Digital Signal Processing Reference
In-Depth Information
Threshold-based algorithms can also be useful in identifying structures depicted
by edge/surface points. An example is the Canny edge detector that uses the
threshold of gradient magnitude to find the potential edge pixels. Threshold-based
technique inherently do not account for spatial information. So, their effectiveness
is limited to images where large chunks of pixels/voxels have similar characteristics.
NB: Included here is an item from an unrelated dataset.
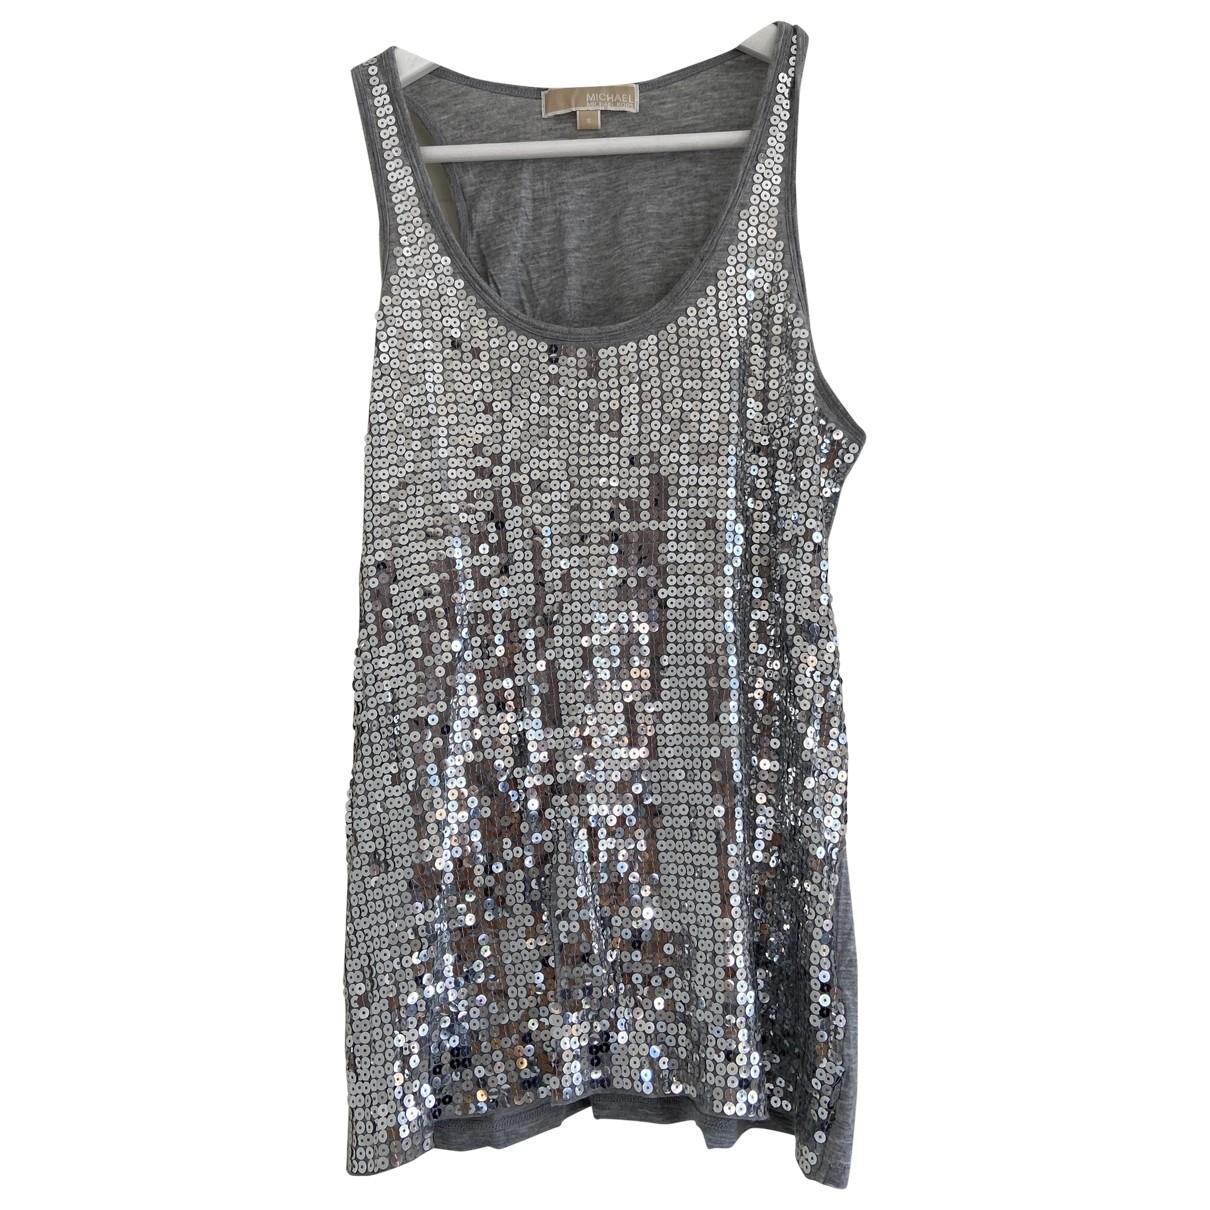 Michael Kors - Top   pour femme - gris
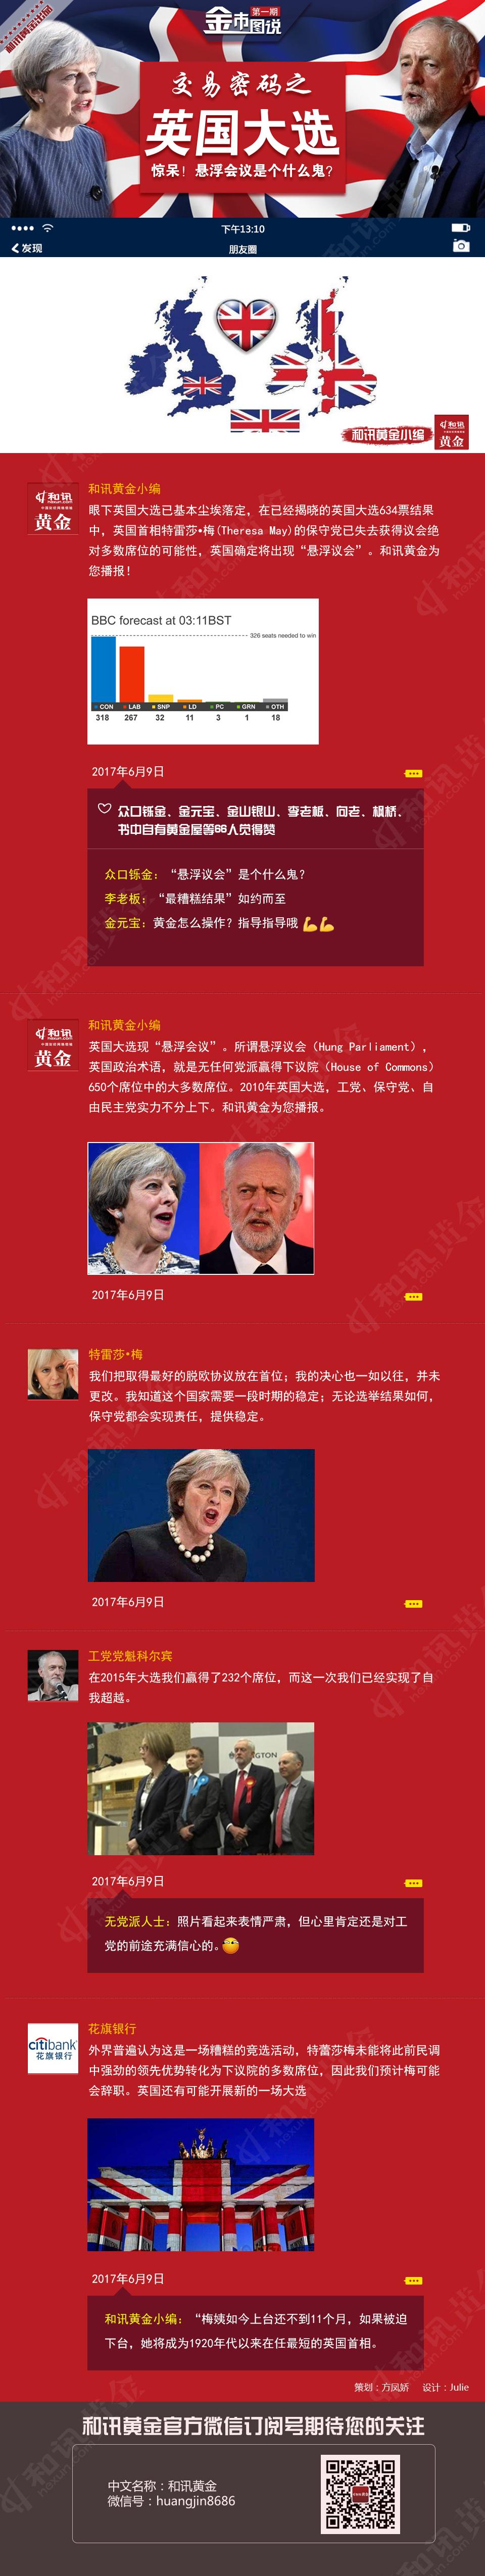 交易密码之英国大选 悬浮会议是个什么鬼

Also, these algorithms are very sensitive to image noise and partial volume
effects, which in medical imaging, refers to the scenario wherein insufficient image
resolution results in anatomical/physiological information from different tissue
types mixing within a single pixel/voxel. Due to a combination of these factors,
regions or edges detected by these algorithms can often be sets of discrete pixels, and
therefore may be incomplete or discontinuous. In such cases, it is necessary to apply
post-processing like morphological operation to connect the breaks or eliminate the
holes. Morphological operations refer to the group of image processing operations
that process images based on shapes. These operations determine the value of each
pixel in the output image based on a comparison of the corresponding pixel in the
input image with its neighbors. By appropriately selecting the size and shape of the
neighborhood and the comparison criteria, it is possible to grow/shrink/merge/split
chunks of pixels in an image to connect or eliminate the holes/breaks in an image.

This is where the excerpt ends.